▸ WORK REQUIRED
Return exactly the lines below, starting with the one that has "olive garden macon" and going on through the one that has "Craft sticks Activities".
=== Section Start ===
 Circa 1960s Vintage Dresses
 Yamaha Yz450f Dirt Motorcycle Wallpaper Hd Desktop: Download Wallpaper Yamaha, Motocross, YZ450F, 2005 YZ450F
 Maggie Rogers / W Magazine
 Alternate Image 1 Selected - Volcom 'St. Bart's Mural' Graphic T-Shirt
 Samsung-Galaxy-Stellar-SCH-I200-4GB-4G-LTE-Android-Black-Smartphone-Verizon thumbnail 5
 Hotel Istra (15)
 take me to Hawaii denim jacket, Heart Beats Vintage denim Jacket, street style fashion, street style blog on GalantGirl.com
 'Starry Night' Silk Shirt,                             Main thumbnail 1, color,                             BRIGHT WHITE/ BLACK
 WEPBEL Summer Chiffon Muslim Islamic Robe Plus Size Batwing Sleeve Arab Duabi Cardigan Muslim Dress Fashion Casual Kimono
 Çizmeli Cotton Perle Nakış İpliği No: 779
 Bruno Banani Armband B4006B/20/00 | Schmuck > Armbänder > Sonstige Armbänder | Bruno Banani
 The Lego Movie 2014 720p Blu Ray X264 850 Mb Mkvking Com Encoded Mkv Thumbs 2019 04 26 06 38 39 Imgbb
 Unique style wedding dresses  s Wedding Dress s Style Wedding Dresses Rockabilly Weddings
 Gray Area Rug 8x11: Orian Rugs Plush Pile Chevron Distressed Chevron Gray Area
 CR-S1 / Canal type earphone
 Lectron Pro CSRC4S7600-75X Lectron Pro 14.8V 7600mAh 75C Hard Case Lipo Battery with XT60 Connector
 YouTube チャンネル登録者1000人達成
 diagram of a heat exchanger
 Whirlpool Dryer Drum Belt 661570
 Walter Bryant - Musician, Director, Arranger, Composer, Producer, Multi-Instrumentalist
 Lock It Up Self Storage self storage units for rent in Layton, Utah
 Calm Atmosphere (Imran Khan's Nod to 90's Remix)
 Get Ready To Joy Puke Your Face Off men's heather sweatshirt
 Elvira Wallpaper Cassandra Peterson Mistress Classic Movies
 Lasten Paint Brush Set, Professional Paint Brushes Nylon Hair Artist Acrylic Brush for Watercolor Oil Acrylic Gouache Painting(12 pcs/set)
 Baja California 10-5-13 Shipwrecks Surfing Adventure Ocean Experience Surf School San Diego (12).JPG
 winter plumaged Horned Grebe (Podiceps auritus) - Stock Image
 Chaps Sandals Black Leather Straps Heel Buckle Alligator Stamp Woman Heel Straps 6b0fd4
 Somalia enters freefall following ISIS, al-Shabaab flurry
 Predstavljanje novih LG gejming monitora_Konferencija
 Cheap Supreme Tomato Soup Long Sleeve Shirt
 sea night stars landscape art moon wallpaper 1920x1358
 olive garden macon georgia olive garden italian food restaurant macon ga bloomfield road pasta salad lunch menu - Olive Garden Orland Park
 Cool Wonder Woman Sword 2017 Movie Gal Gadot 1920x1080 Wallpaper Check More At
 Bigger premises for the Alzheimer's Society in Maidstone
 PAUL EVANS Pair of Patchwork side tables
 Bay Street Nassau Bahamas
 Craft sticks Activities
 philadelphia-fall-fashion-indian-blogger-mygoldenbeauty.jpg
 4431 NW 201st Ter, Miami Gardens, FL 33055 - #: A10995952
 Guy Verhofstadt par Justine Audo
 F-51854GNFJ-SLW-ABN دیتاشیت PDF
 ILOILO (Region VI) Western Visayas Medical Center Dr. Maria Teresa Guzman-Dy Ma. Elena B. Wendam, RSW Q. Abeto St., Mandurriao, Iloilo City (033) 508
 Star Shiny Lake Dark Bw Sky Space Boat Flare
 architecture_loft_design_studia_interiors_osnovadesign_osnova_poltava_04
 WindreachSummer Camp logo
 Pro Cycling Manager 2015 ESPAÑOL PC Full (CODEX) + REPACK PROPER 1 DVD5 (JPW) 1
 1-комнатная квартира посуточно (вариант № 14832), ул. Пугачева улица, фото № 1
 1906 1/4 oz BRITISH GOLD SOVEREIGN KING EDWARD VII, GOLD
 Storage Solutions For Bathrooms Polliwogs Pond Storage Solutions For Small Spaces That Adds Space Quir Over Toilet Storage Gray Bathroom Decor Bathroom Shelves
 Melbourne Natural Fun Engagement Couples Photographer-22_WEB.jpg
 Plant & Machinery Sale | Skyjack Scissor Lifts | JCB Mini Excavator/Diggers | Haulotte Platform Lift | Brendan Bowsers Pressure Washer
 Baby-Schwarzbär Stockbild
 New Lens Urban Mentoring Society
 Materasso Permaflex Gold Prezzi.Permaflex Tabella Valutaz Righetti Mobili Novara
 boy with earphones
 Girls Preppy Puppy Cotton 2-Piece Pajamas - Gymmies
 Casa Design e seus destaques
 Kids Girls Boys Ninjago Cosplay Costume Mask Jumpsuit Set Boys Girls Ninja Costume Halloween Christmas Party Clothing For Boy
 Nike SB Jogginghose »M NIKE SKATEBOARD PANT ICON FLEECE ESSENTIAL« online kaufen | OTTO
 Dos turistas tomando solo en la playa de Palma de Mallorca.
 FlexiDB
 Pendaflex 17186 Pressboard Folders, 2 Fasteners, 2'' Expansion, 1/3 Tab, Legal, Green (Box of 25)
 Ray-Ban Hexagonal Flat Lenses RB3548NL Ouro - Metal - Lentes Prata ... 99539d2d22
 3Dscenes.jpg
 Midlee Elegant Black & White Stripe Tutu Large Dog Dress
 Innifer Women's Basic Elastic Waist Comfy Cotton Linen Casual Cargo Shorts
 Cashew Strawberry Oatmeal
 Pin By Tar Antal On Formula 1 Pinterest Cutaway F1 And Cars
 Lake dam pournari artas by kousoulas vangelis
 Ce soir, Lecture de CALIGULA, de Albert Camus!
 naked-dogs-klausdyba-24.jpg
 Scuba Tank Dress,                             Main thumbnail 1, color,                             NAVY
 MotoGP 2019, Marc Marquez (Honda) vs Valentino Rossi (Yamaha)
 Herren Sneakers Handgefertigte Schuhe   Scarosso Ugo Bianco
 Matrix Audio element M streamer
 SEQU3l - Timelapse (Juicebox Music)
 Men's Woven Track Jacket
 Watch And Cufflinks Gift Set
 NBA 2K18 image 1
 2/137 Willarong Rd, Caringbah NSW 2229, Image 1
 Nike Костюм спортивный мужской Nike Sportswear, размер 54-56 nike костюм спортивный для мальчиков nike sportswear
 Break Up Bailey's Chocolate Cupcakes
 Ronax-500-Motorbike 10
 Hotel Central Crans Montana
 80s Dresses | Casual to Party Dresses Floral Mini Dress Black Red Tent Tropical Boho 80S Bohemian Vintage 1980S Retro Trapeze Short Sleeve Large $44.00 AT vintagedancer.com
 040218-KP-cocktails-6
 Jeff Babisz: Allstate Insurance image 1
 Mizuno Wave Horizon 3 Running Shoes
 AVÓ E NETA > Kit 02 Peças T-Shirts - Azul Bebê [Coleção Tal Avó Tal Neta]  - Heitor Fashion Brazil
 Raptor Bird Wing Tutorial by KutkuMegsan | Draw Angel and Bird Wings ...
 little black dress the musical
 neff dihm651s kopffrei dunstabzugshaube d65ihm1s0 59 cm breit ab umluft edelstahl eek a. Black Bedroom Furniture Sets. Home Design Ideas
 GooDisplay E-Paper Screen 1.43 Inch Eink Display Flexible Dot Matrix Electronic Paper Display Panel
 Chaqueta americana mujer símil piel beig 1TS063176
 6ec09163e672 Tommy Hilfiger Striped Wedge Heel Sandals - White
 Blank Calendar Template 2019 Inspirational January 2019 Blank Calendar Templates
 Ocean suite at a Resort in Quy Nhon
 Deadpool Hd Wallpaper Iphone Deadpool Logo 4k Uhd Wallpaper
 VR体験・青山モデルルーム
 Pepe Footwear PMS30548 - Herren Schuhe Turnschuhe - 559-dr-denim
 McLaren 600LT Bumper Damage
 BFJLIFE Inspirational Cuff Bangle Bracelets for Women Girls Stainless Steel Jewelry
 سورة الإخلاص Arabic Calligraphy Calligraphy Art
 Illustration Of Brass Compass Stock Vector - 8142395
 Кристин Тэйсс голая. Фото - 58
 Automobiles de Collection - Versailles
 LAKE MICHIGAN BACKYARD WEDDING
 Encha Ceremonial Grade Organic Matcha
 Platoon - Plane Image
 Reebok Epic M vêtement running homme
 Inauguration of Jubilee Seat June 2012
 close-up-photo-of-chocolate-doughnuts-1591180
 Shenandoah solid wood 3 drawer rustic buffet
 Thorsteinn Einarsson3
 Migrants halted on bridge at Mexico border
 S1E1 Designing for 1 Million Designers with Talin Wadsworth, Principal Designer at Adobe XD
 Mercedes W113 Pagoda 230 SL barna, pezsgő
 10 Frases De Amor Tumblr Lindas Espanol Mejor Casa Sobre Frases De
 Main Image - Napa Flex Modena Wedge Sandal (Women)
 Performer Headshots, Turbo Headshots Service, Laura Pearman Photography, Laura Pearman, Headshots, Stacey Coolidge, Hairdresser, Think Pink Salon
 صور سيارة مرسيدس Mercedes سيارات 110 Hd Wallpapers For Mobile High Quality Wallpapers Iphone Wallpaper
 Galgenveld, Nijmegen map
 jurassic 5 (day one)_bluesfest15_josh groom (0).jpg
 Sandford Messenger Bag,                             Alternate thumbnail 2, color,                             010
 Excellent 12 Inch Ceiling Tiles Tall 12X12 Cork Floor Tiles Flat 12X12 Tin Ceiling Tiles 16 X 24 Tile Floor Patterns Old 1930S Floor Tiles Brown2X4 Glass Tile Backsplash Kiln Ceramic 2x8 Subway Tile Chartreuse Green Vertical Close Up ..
=== Section End ===
▸ ANSWER TO THIS TASK
 olive garden macon georgia olive garden italian food restaurant macon ga bloomfield road pasta salad lunch menu - Olive Garden Orland Park
 Cool Wonder Woman Sword 2017 Movie Gal Gadot 1920x1080 Wallpaper Check More At
 Bigger premises for the Alzheimer's Society in Maidstone
 PAUL EVANS Pair of Patchwork side tables
 Bay Street Nassau Bahamas
 Craft sticks Activities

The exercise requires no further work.